Еще одна проблема: когда стали известны органам стихи о Сталине? Они были написаны осенью 33 года, арест произошел в мае 34-го. Может, после пощечины Толстому власти активизировали слежку, порасспросили агентов и только тогда узнали про стихи? Или они пролежали целых полгода без движения? Последнее кажется немыслимым… А Д. появился у нас довольно поздно – среди зимы – и втерся в доверие к весне.

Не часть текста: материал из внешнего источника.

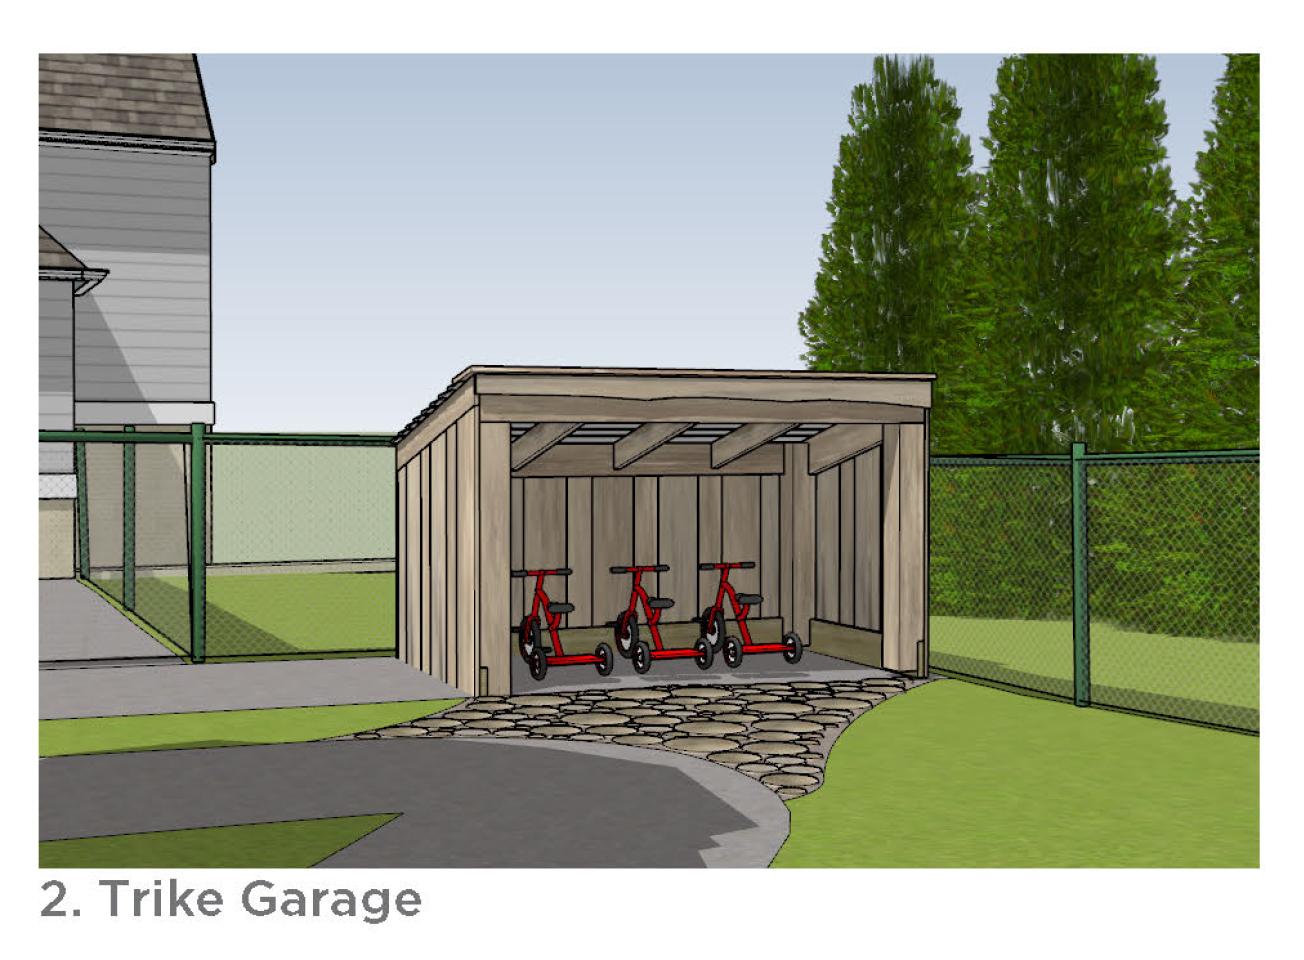 Photo of the trike garage.

И последний вопрос: виновата ли я, что не повыгоняла всех друзей и знакомых и не осталась с глазу на глаз с О. М., как делало большинство моих современниц, хороших жен и матерей? Мою вину умаляет только то, что О. М. все равно бы вырвался из-под присмотра и прочел недопустимые стихи – а с нашей точки зрения, все стихи недопустимы – первому встречному. Режим самообуздания и самоареста был не для него.

О природе чуда

Винавер, которому часто приходилось ходить на Лубянку, первый узнал, что вокруг дела О. М. что-то происходит: «Какая-то особая атмосфера – суета, перешептывания…» Оказалось: дело внезапно пересмотрено, новый приговор – «минус двенадцать». Все это в неслыханных темпах – пересмотр занял не то день, не то несколько часов. Сами темпы свидетельствовали о чуде: когда наверху нажималась кнопка, бюрократическая машина проявляла удивительную гибкость.